● To do
Copy exactly the lines from the start of the material through the line with "Neue Justiz (NJ), Zeitschrift". Pictures stay out of the copy.

--- Information provided ---

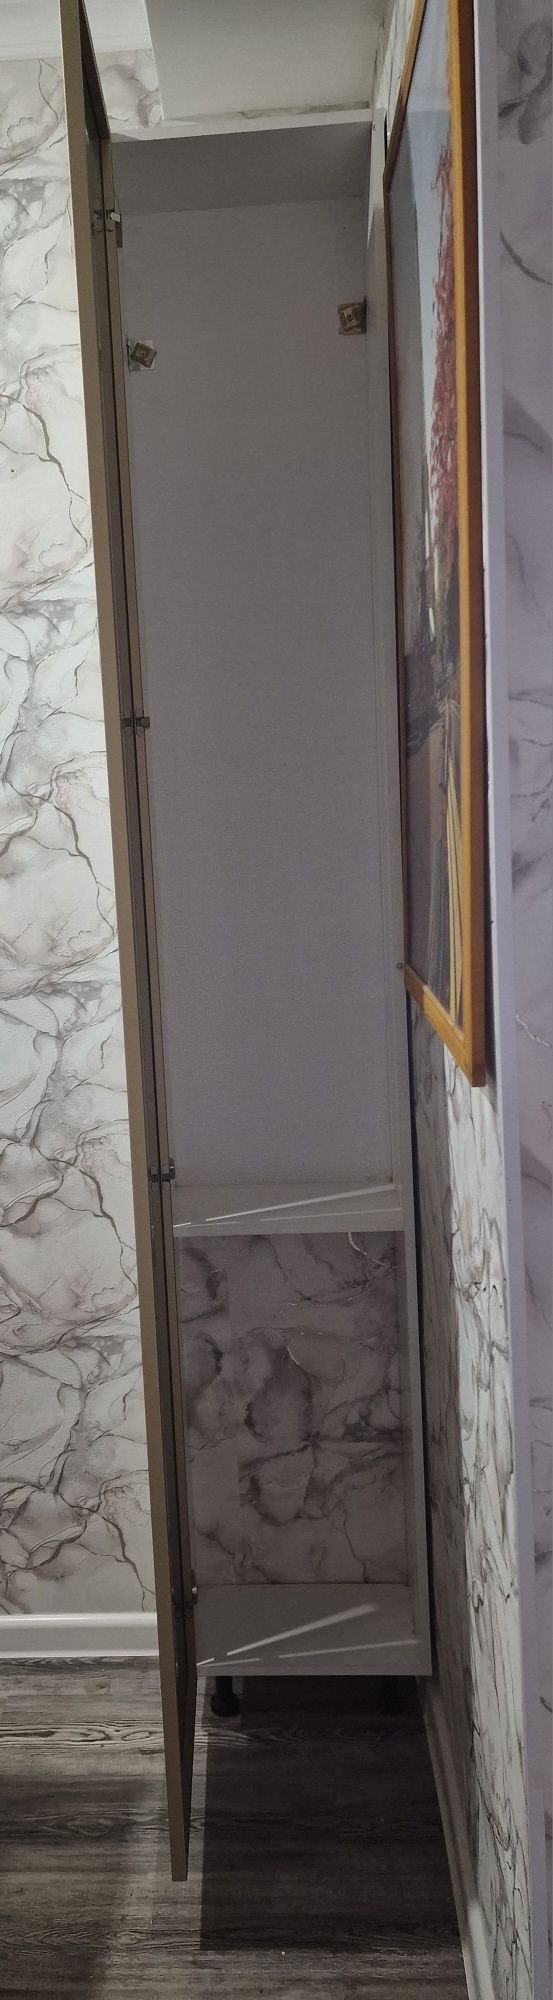 Красивый высокий шкафчик Пенал Зеркальный
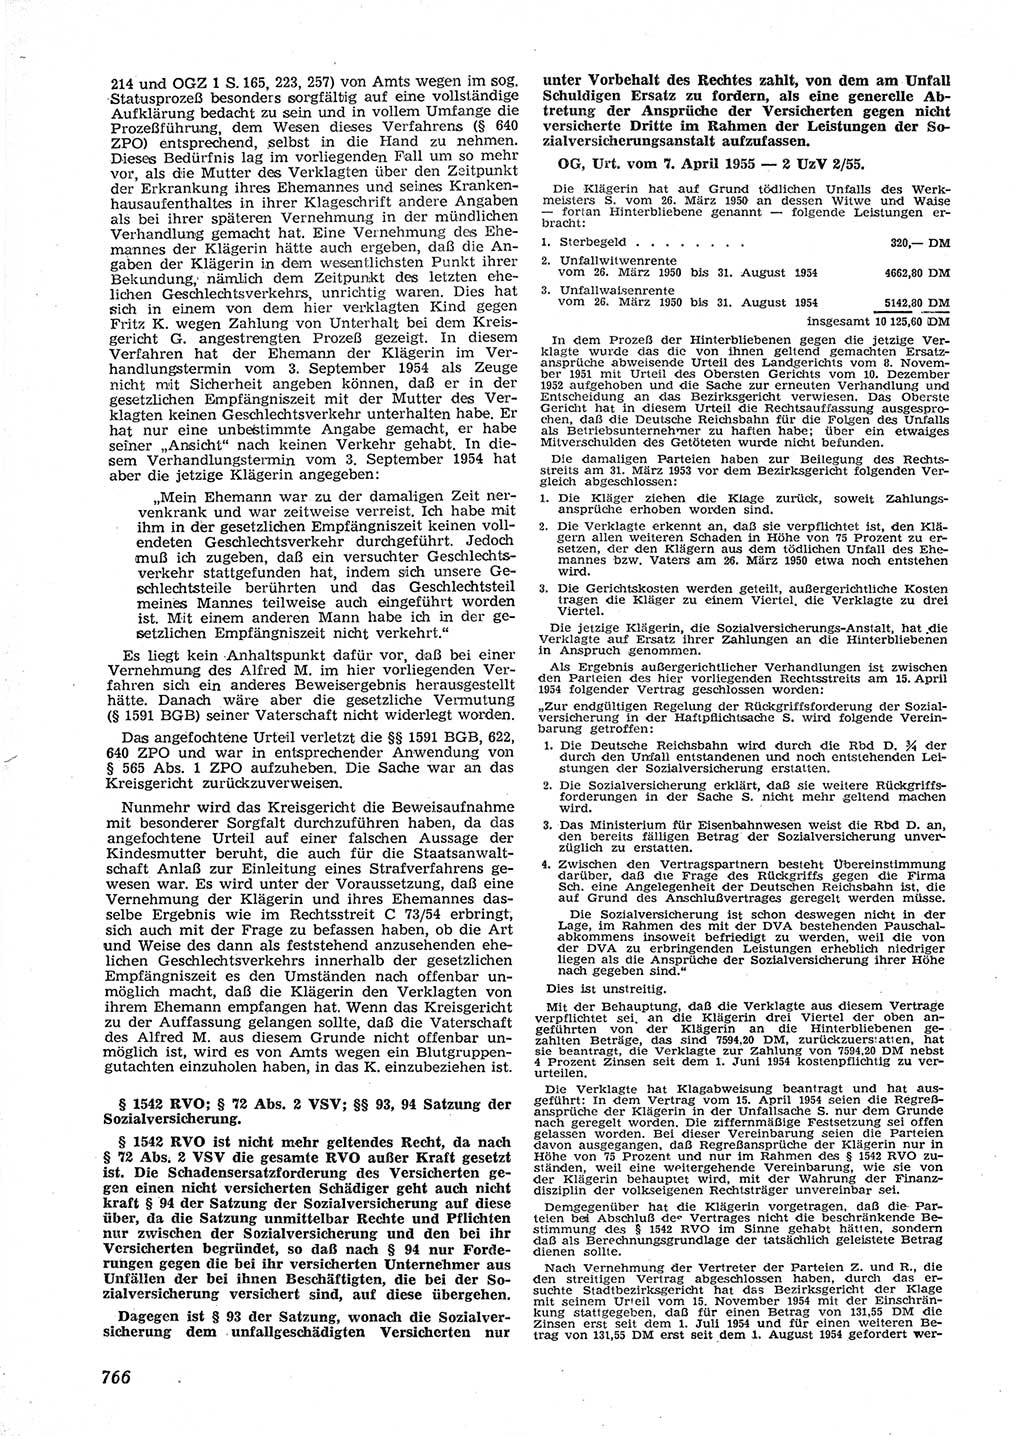 Neue Justiz (NJ), Zeitschrift für Recht und Rechtswissenschaft [Deutsche Demokratische Republik (DDR)], 9. Jahrgang 1955, Seite 766 (NJ DDR 1955, S. 766)
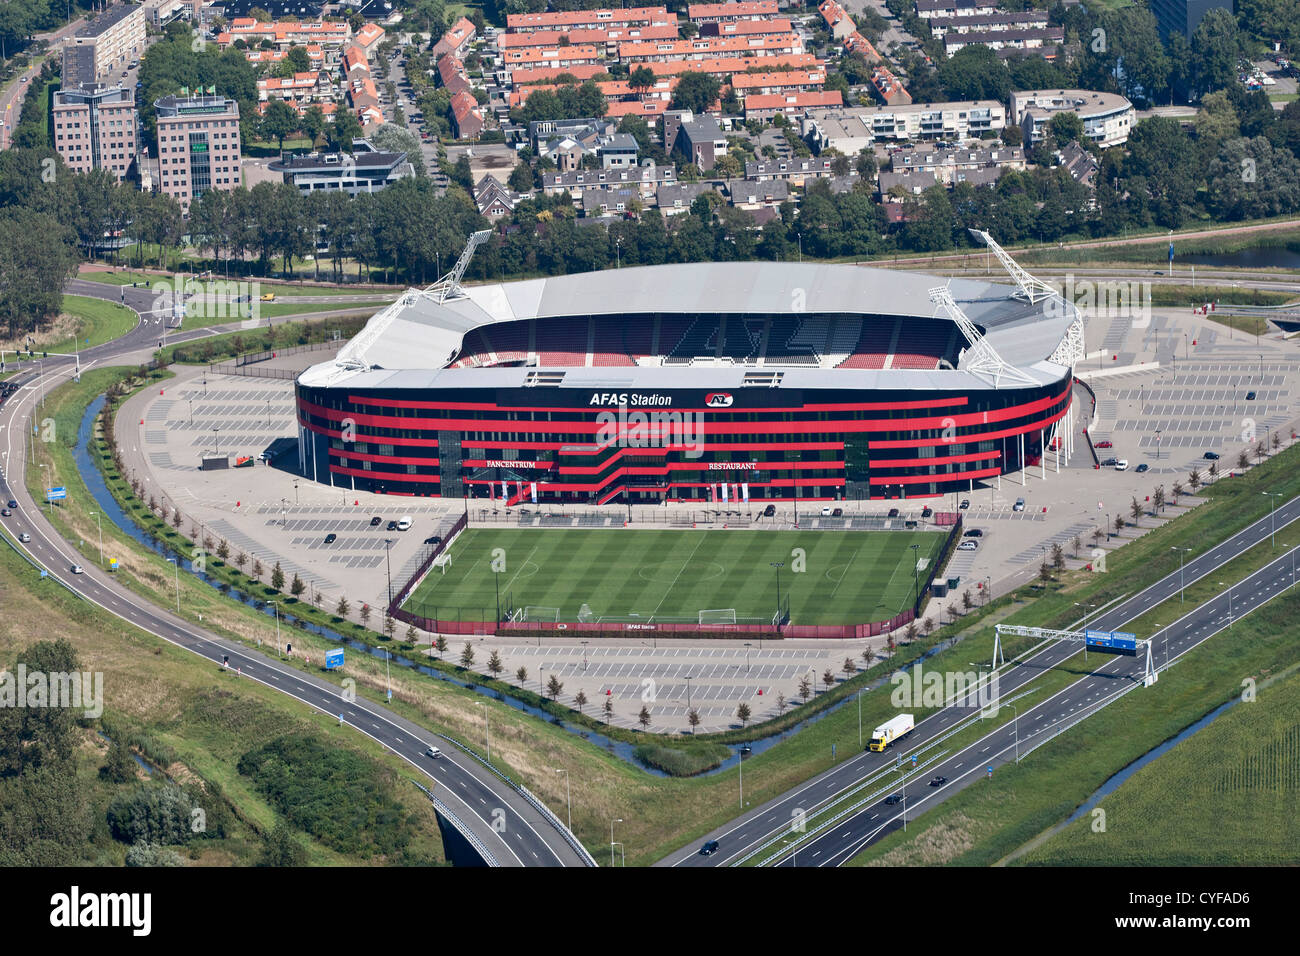 Les Pays-Bas, Alkmaar. Stade de Football de AZ. Vue aérienne. Banque D'Images
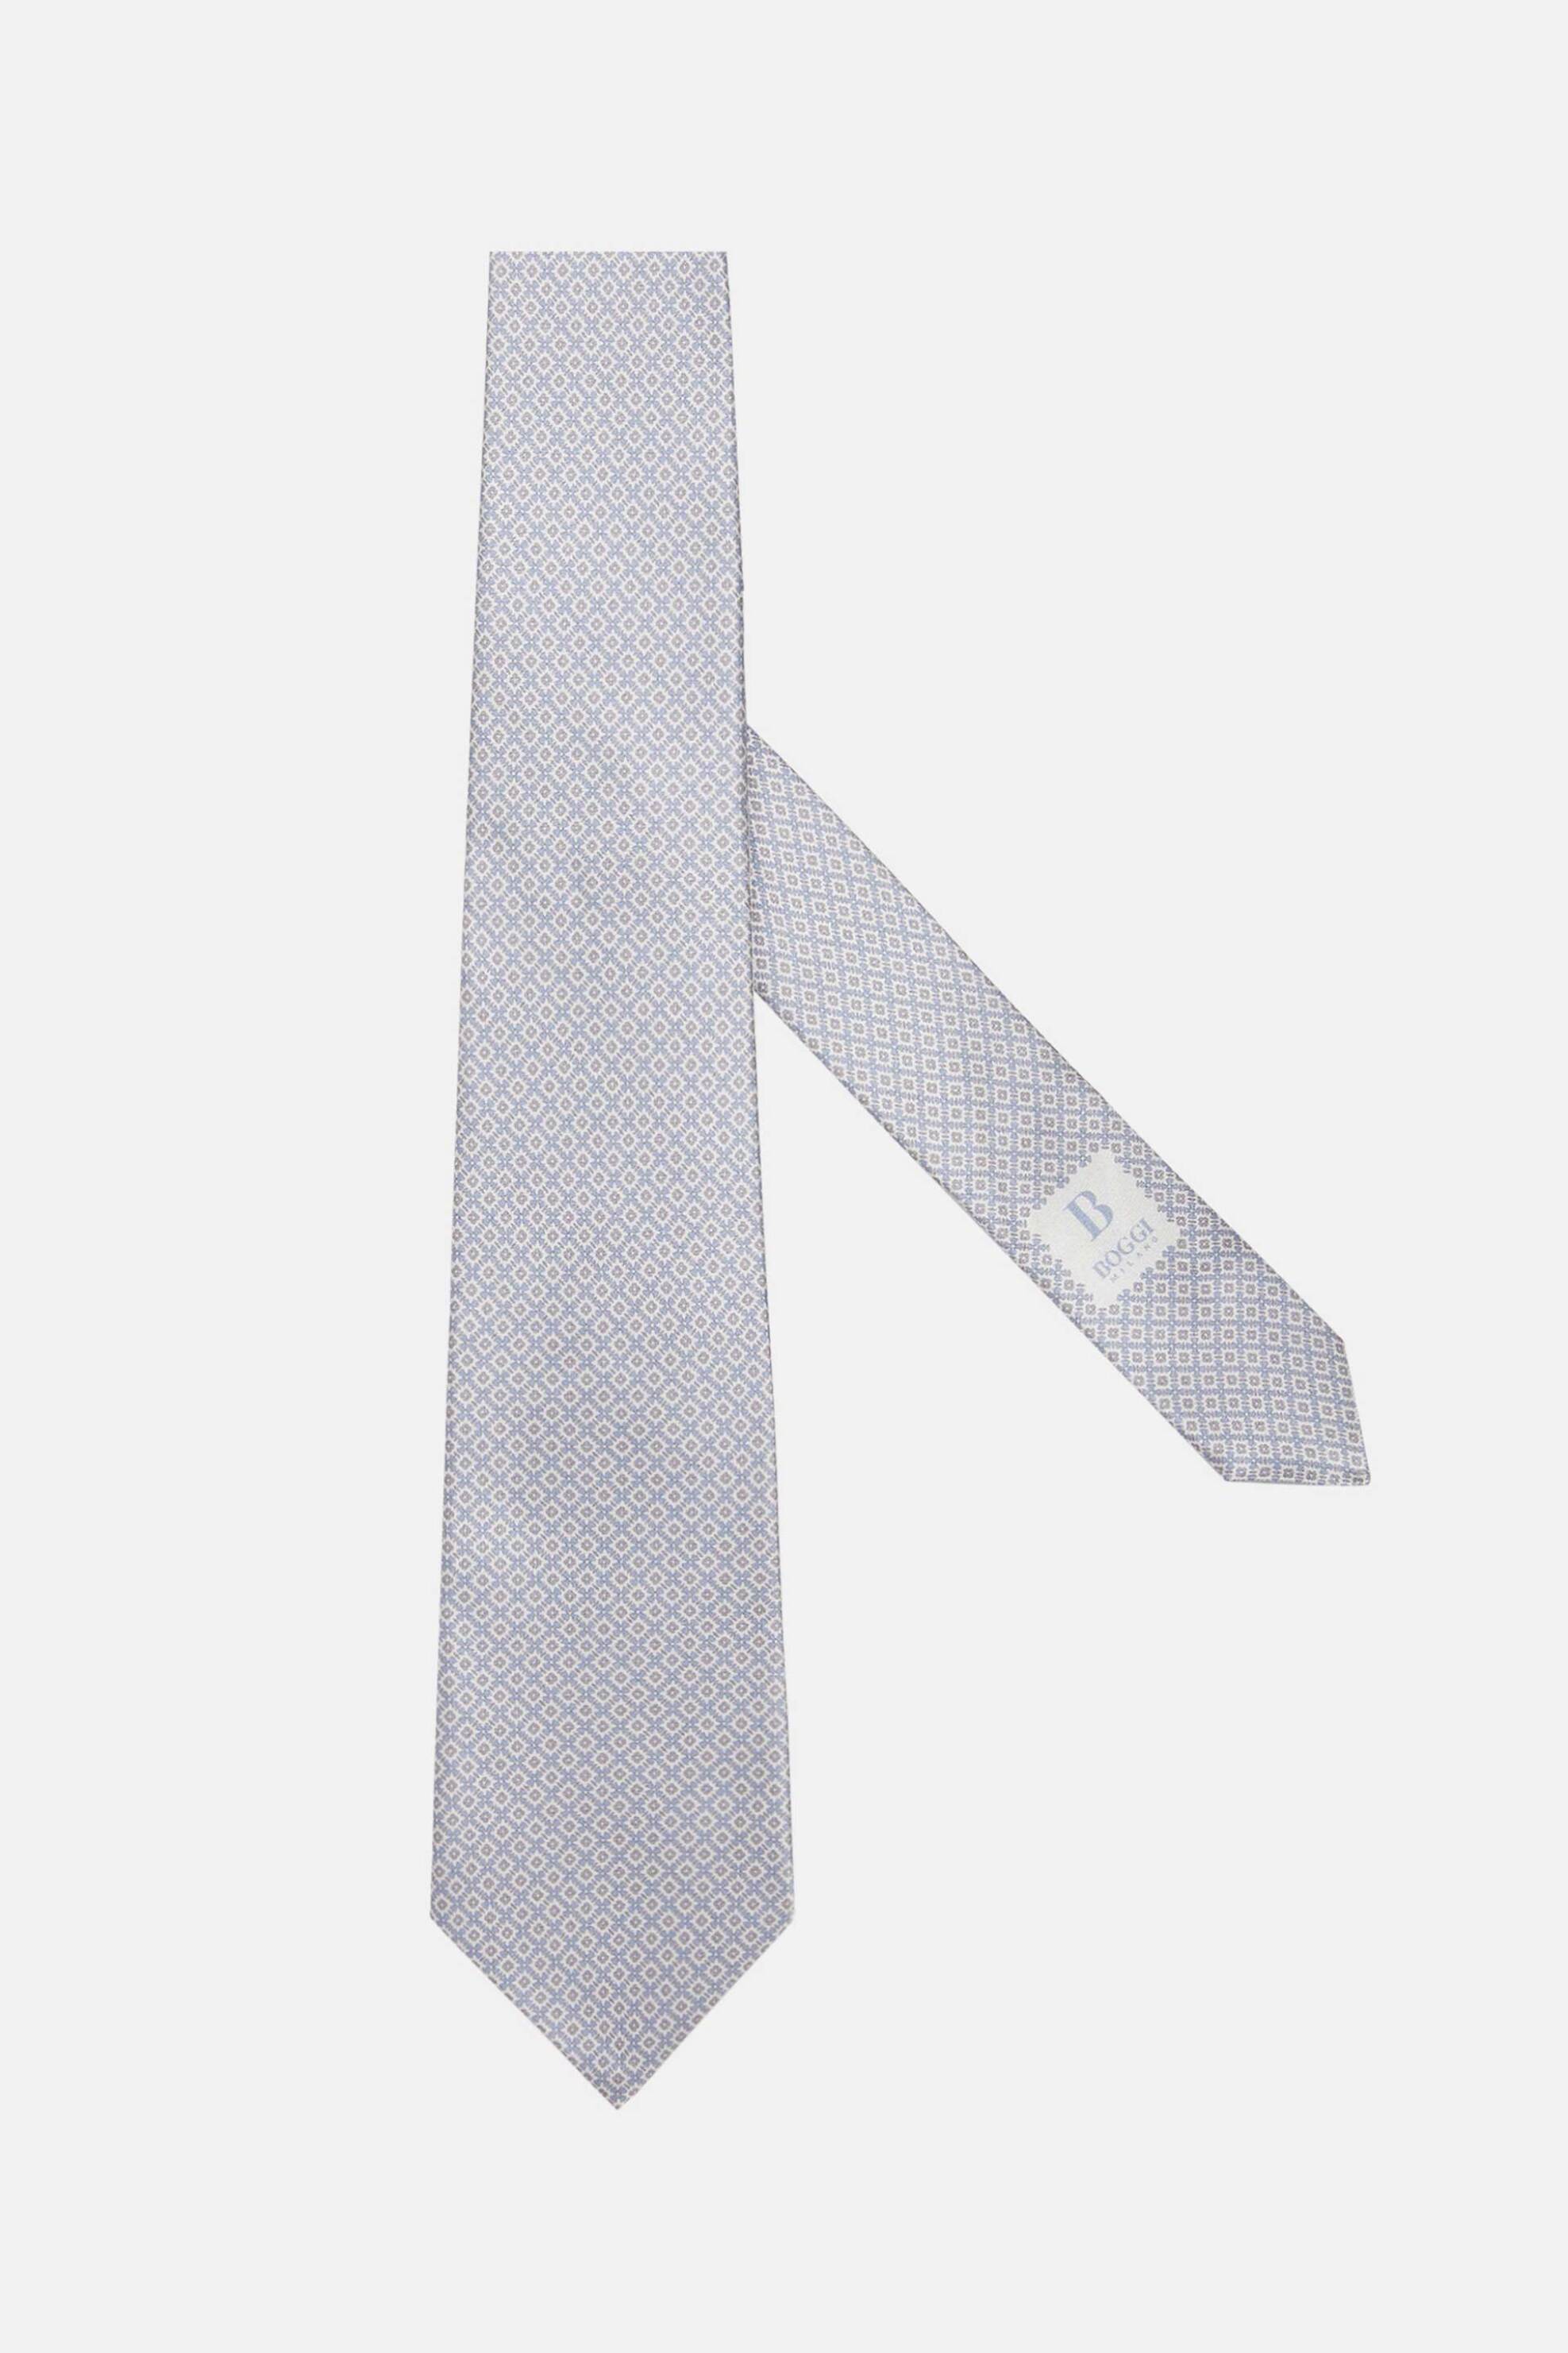 Ανδρική Μόδα > Ανδρικά Αξεσουάρ > Ανδρικές Γραβάτες & Παπιγιόν Boggi Milano ανδρική μεταξωτή γραβάτα με floral σχέδιο - BO24P070801 Μπλε Ανοιχτό

---

● Exercise response
 Красивый высокий шкафчик Пенал Зеркальный
 Neue Justiz (NJ), Zeitschrift für Recht und Rechtswissenschaft [Deutsche Demokratische Republik (DDR)], 9. Jahrgang 1955, Seite 766 (NJ DDR 1955, S. 766)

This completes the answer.